This is a PyTorch implementation of the NeurIPS-22 paper: https://arxiv.org/abs/2206.12403
Arjun Majumdar, Gunjan Aggarwal, Bhavika Devnani, Judy Hoffman and Dhruv Batra
Georgia Institute of Technology, Meta AI
We present a scalable approach for learning open-world object-goal navigation (ObjectNav) – the task of asking a virtual robot (agent) to find any instance of an object in an unexplored environment (e.g., “find a sink”).

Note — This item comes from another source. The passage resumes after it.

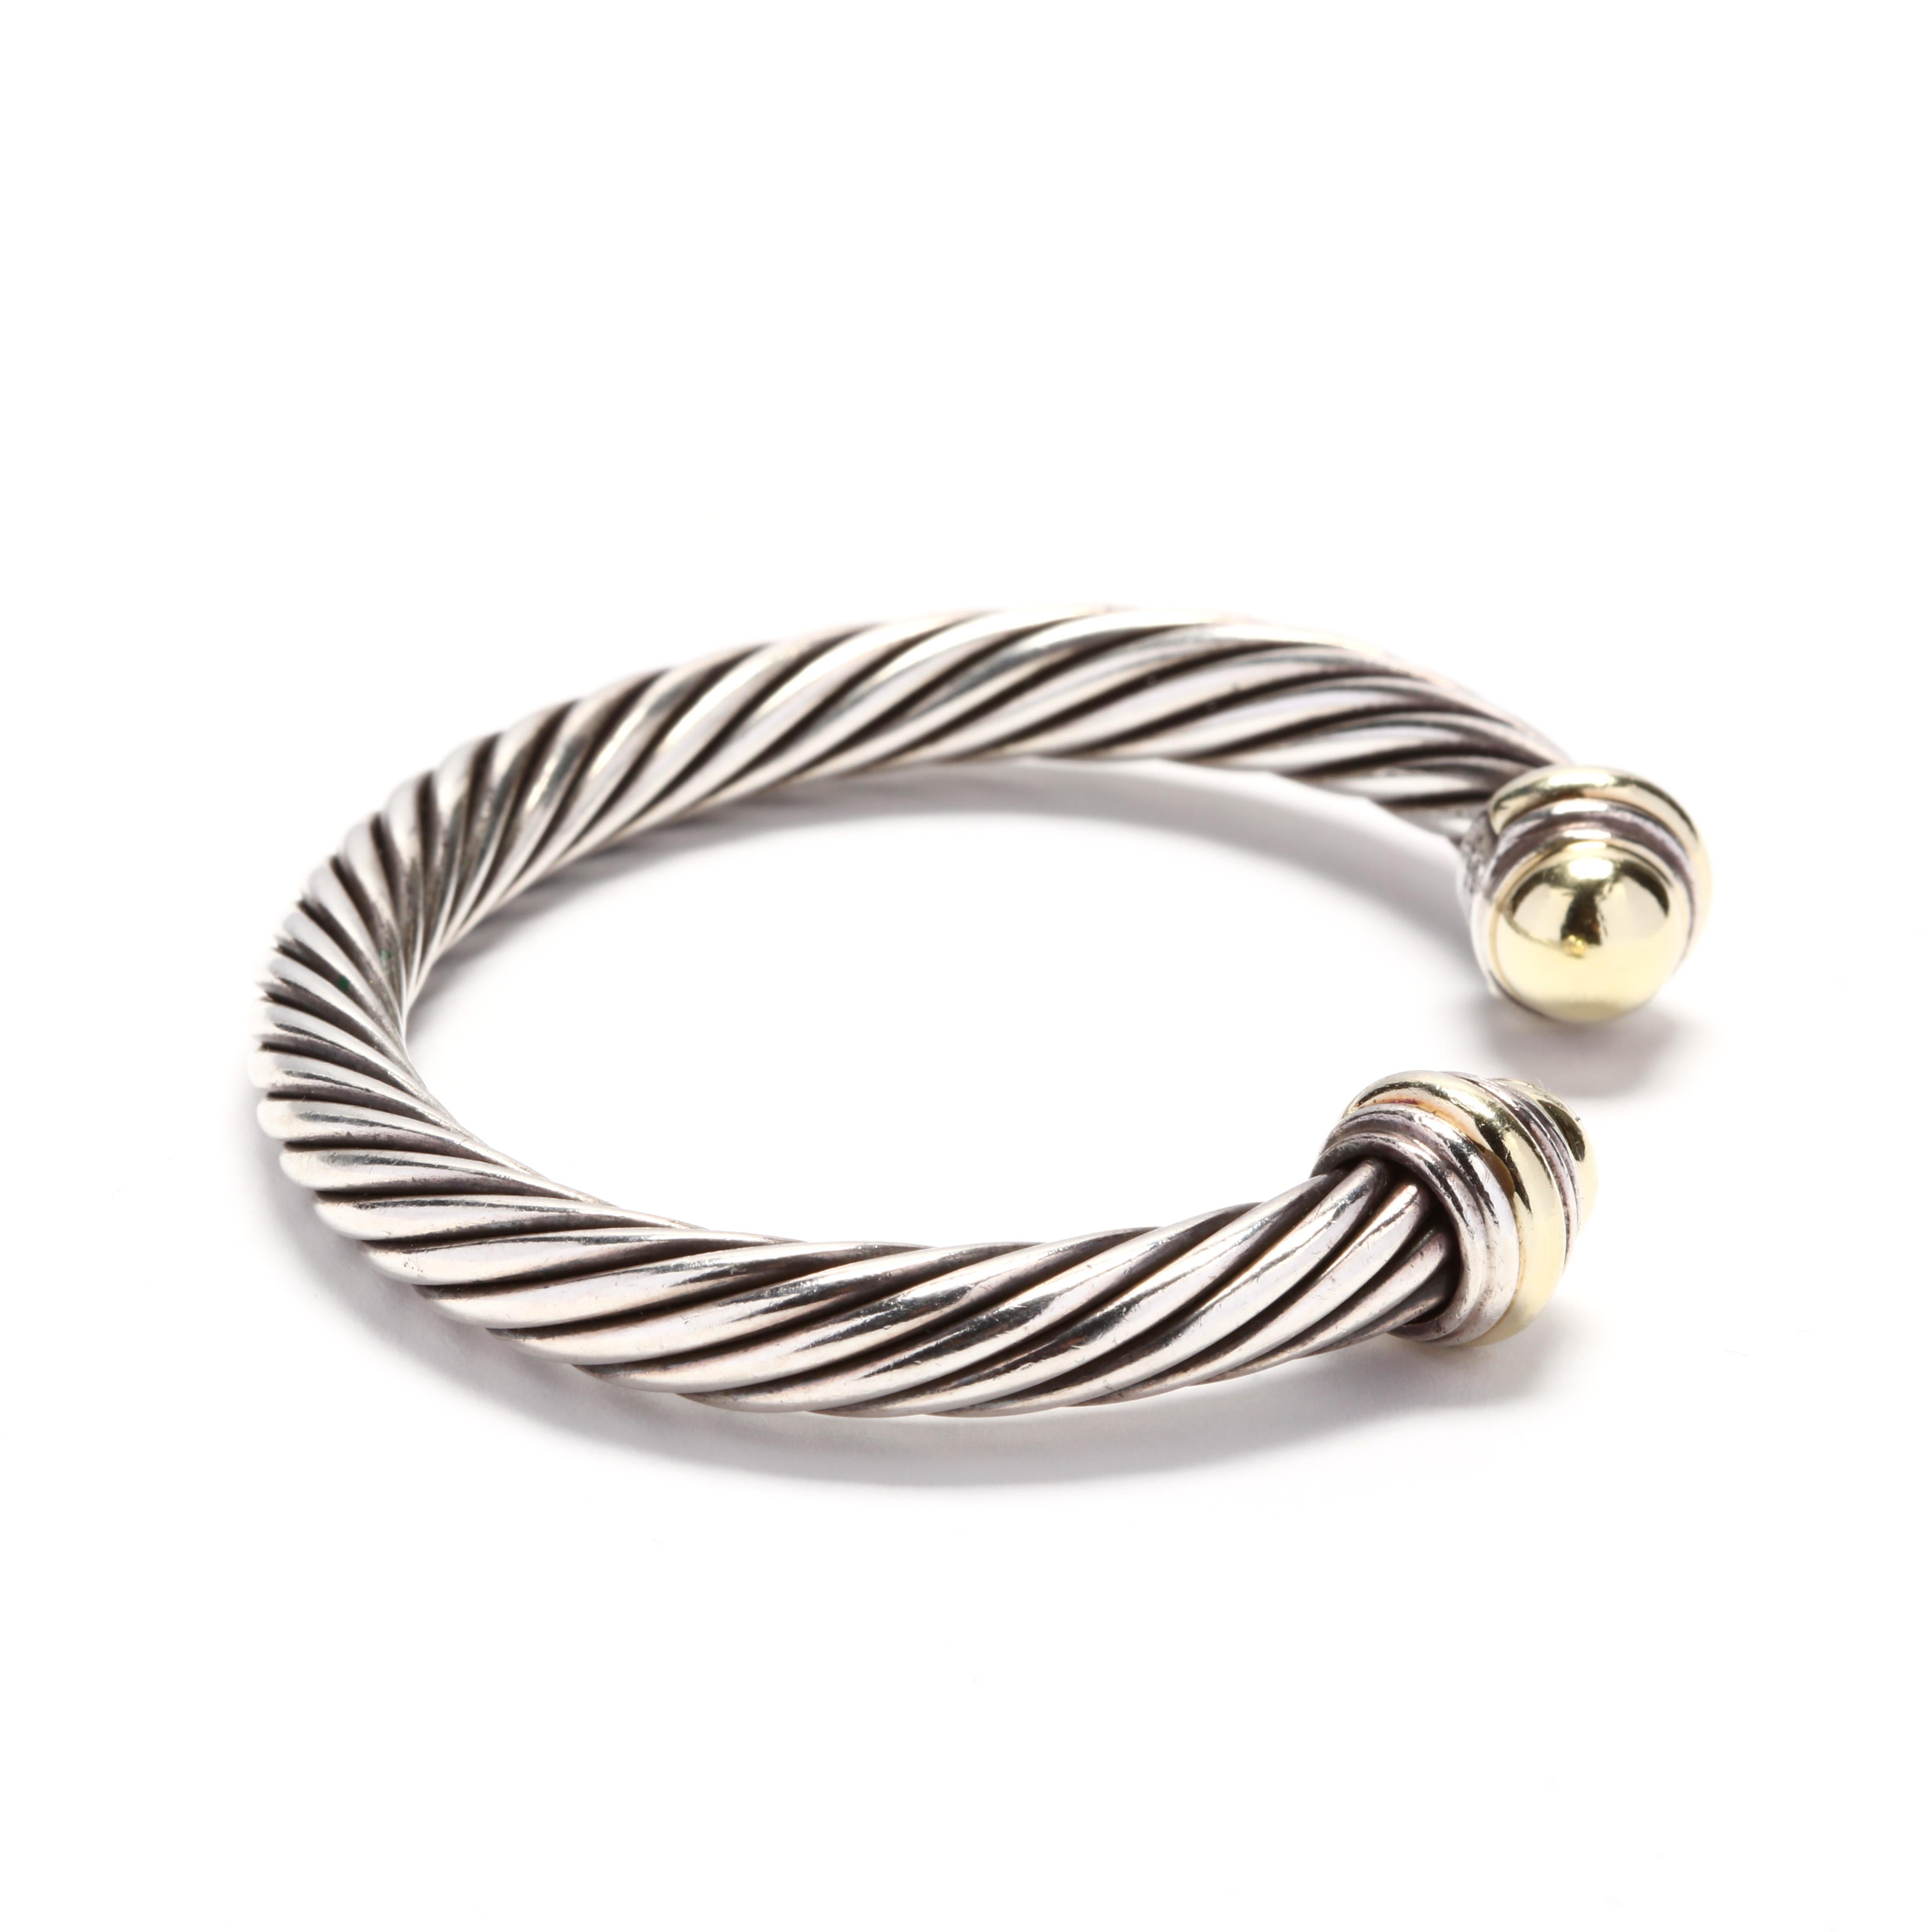 A David Yurman 14 karat yellow gold and sterling silver gold dome cuff bracelet. This 7mm cuff bracelet features a cable motif cuff with gold dome endcaps. The endcaps has a minor dent but not noticeable when worn.



Length: 6.25 in. with a 5/8 in.

Our approach is entirely zero-shot – i.e., it does not require ObjectNav rewards or demonstrations of any kind.
Model Architecture for ZSON.
All the required data can be downloaded from here.
Create a conda environment:
conda create -n zson python=3.7 cmake=3.14.0
conda activate zson
Install pytorch version 1.10.2
:
conda install pytorch==1.10.2 torchvision==0.11.3 cudatoolkit=11.3 -c pytorch -c conda-forge
Install habitat-sim:
conda install habitat-sim-challenge-2022 headless -c conda-forge -c aihabitat
Install habitat-lab:
git clone --branch challenge-2022 https://github.com/facebookresearch/habitat-lab.git habitat-lab-challenge-2022
cd habitat-lab-challenge-2022
pip install -r requirements.txt
python setup.py develop --all # install habitat and habitat_baselines
cd ..
Setup steps
git clone git@github.com:gunagg/zson.git
cd zson
pip install -r requirements.txt
python setup.py develop
Follow the instructions here to set up the data/scene_datasets/
directory. gibson
scenes can be found here.
Download the HM3D ImageNav training dataset:
wget https://huggingface.co/gunjan050/ZSON/resolve/main/imagenav_hm3d.zip
unzip imagenav_hm3d.zip
rm imagenav_hm3d.zip # clean-up
Download the MP3D objectnav dataset.
wget https://dl.fbaipublicfiles.com/habitat/data/datasets/objectnav/m3d/v1/objectnav_mp3d_v1.zip
mkdir -p data/datasets/objectnav/mp3d/v1
unzip objectnav_mp3d_v1.zip -d data/datasets/objectnav/mp3d/v1
rm objectnav_mp3d_v1.zip # clean-up
Download the HM3D objectnav dataset.
wget https://dl.fbaipublicfiles.com/habitat/data/datasets/objectnav/hm3d/v1/objectnav_hm3d_v1.zip
unzip objectnav_hm3d_v1.zip -d data/datasets/objectnav/
rm objectnav_hm3d_v1.zip # clean-up
Download the trained checkpoints zson_conf_A.pth and zson_conf_B.pth, and move to data/checkpoints
.
To train policies using OVRL pretrained RGB encoder, download the model weights from here and move to data/models/
.
More details on the encoder can be found here.
Setup data/goal_datasets
using the script tools/extract-goal-features.py
. This caches CLIP goal embeddings for faster training.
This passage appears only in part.